In a pair of successful proof-of-concept demonstrations, the Marine Corps integrated a Marine air-ground task force's primary air surveillance radar with the Navy's cooperative engagement capability (CEC) system to cue ships at sea.
The demos strengthen the Corps' case for buying CEC systems, but they also raise provocative questions about exactly how the Corps would employ it-and whether evolving Marine Corps aviation command-and-control doctrine has something to teach the other services.
Cooperative engagement enables participating ships, aircraft, and ground units to share a composite picture of target tracks compiled from the sensor data available among them. The Navy's system will go on Aegis cruisers and destroyers, aircraft carriers, and amphibs (LHDs, LHAs, LSDs, and LPD-17s). E2C aircraft are getting an airborne variant.
The demonstrations were part of the annual all-service combat identification exercise held 1-12 September near Gulfport, Mississippi, and during a 16 September fire exercise at Eglin Air Force Base, Florida. The Marine team consolidated the early-development 10,000-pound CEC system into three Humvees, hooked it to the Corps' TPS-59 airdefense radar, and exchanged track data with the Aegis cruiser Cape St. George (CG-71) on station about 30 miles offshore. The Marine site cued the cruiser with target-quality data on an airborne contact 170 nautical miles from the ship.
At Eglin, the system linked with the TPS-59 and again exchanged targeting data with the Cape St. George. The data then were passed to a "HumRAAM"-a Humvee fitted with advanced medium-range air-to-air missiles (AMRAAMs)-and to a Marine Avenger air-defense vehicle (a Humvee armed with ground-to-air Stingers). Using the cooperative targeting data, the Marines successfully fired one AMRAAM and two Stingers.
The tests validated the Corps' ability to use CEC for its primary mission: target engagement. The Marines, though, expect the system to provide far more than targeting.
The benefits to the Navy of a Marine Corps targeting capability are clear. Marine tactical air operations centers and early warning sites in]and could provide early cruise-missile warnings for Navy ships offshore. The Marines could provide the ships with fire-control quality data, permitting them to launch defensive weapons. Conversely, the system could cue Navy ships to engage threat missiles targeting Marine forces ashore, which lack long-range defense against tactical ballistic missiles, and, with the decommissioning of their Hawk missile battalions-a long-simmering controversy within the Corps-also will be vulnerable to short-range missiles.
How relevant will CEC be as Marine Corps units move 100-150 miles inland? The TPS-59, the Marines' only CEC-capable radar, does not operate with troops at the forward edge of the battle area. Will the Marines get other sensors?
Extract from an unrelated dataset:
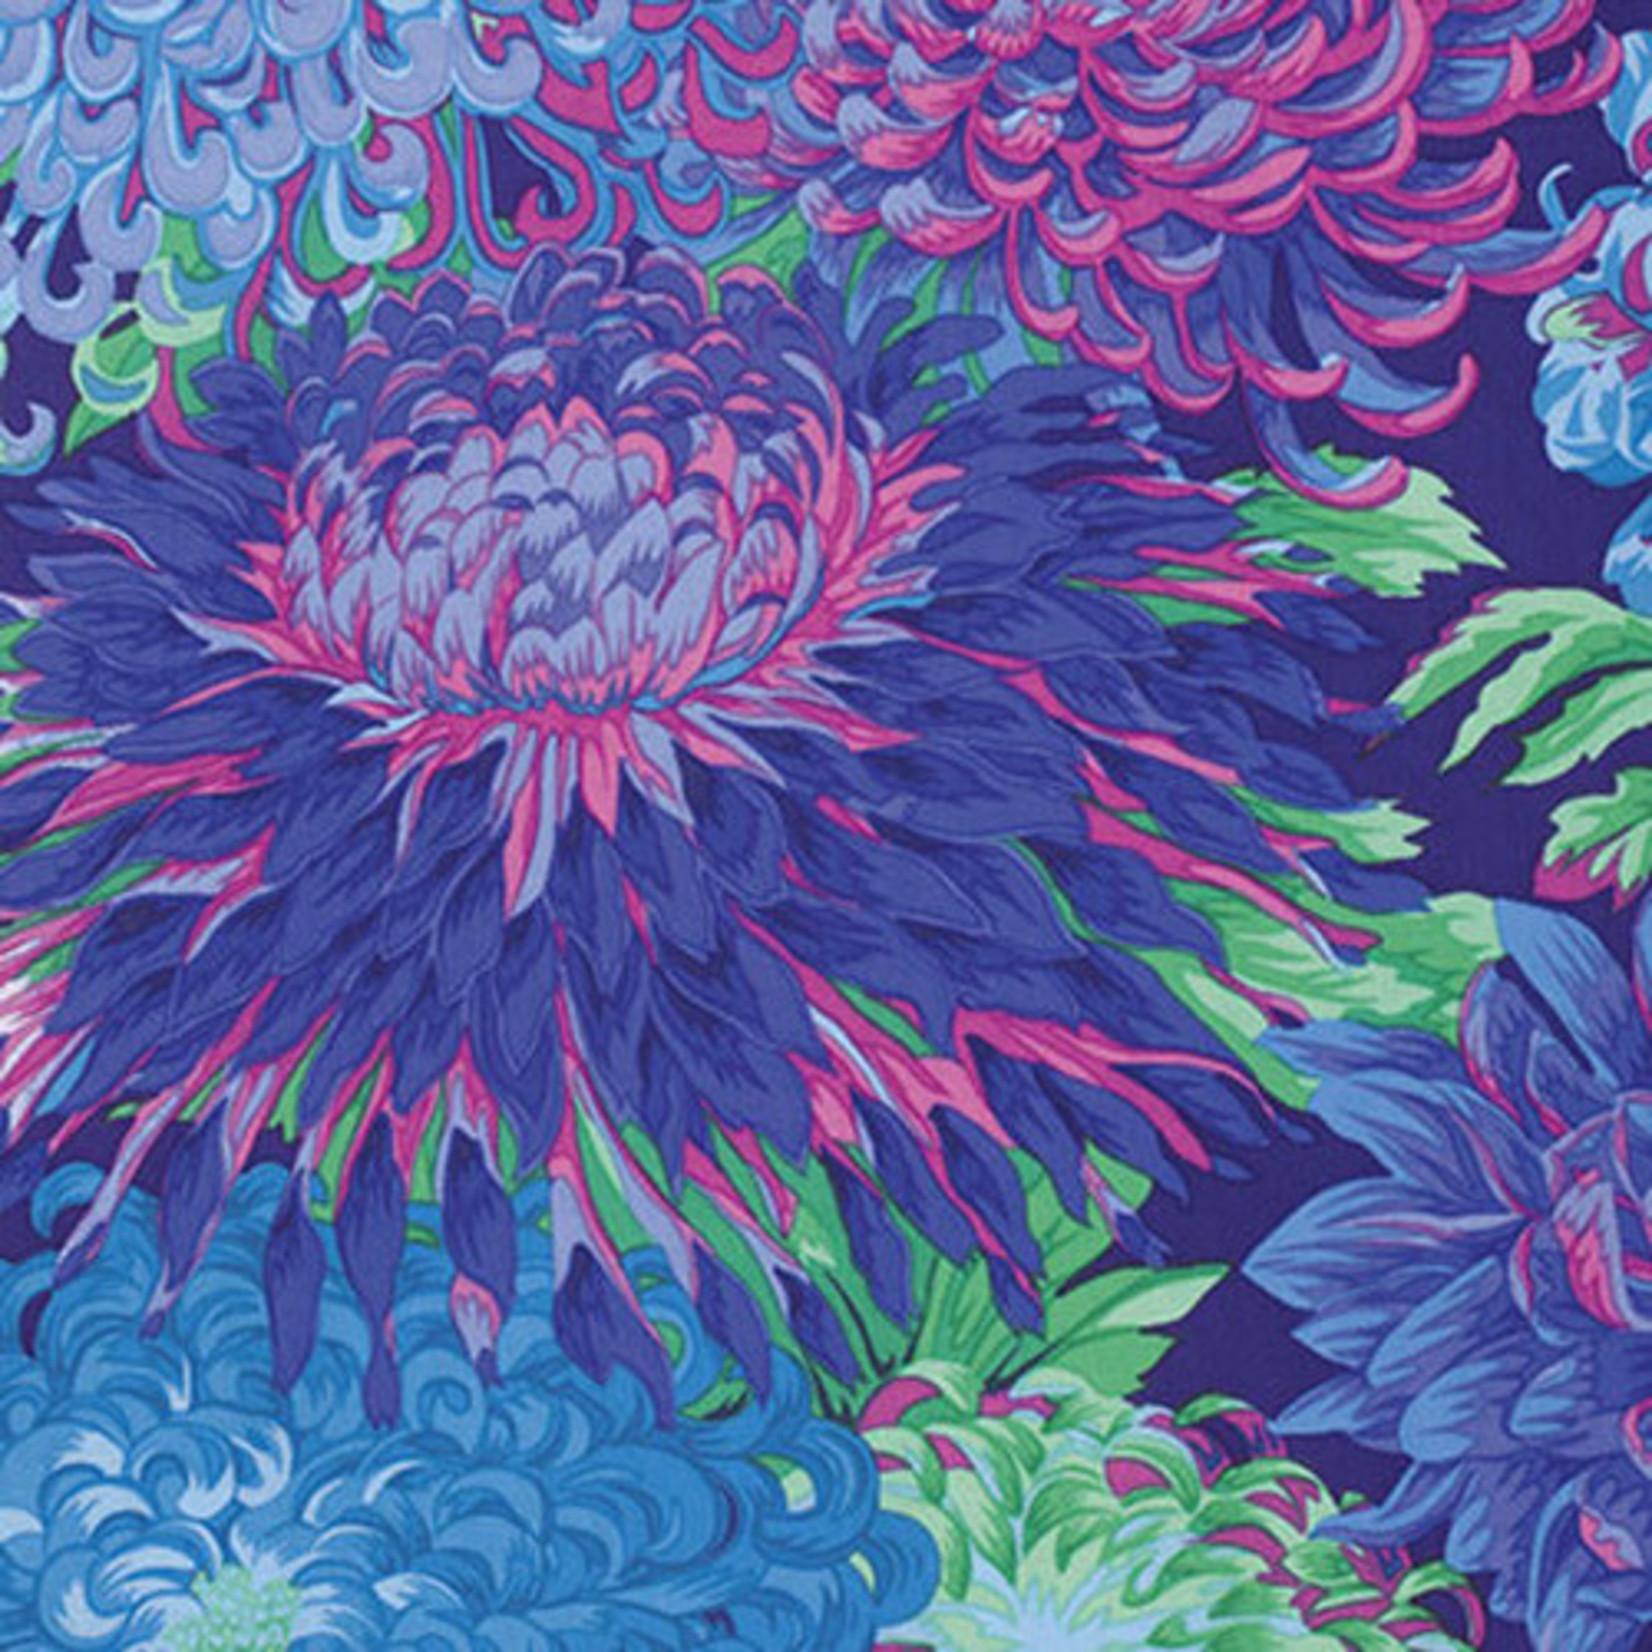 Kaffe Fassett KF Collective - Japanese Chrysanthemum, Blue (PWPJ041.BLUEX) $0.18 per cm or $18/m

Lieutenant Colonel Jim Barrett, air defense and command-and-control requirements officer at the Marine Corps Combat Development Command, says that the Corps intends to dovetail the fielding of the cooperative engagement system with its development of a common aviation command-and-control system, an integrated hardware and software architecture that will replace the many current "stovepipe" systems. Integrating the CEC's common track picture with the new system, he says, will enhance the Corps' ability to control all tactical air operations.
Meanwhile, CEC is expected to serve as the foundation for development of a joint composite tracking network to provide sensor-to-shooter targeting data to Air Force, Army, and Marine Corps weapon systems. It also will be the baseline for a single integrated air picture for higher-echelon planning. Marines are honing their command-and-control skills to tighten their relationship with the Navy. Headquarters Marine Corps has directed that the new command-and-control system must be compatible functionally with Navy processes. Navy-Marine Corps teaming for littoral operations dictates compatibility with the Navy procedures during ship-to-shore movements. Once ashore, the Corps must be interoperable with the Air Force's theater battle-management system, particularly the contingency theater autonomous planning system (CTAPS) subset, which prescribes air-tasking order procedures. "If we're not compatible, we don't play," says a senior Marine official.
All the services' systems are required to be compliant with the Defense Department's Defense Information Infrastructure Common Operating Environment. CEC will enhance the Corps' role in joint air defense-but also underlines the urgency of the Marine requirement to bridge Air Force and Navy command-and-control systems. Meanwhile, it frames the debate more sharply regarding the scope of all-service integration of command and control and about the degree to which "jointness" may be possible.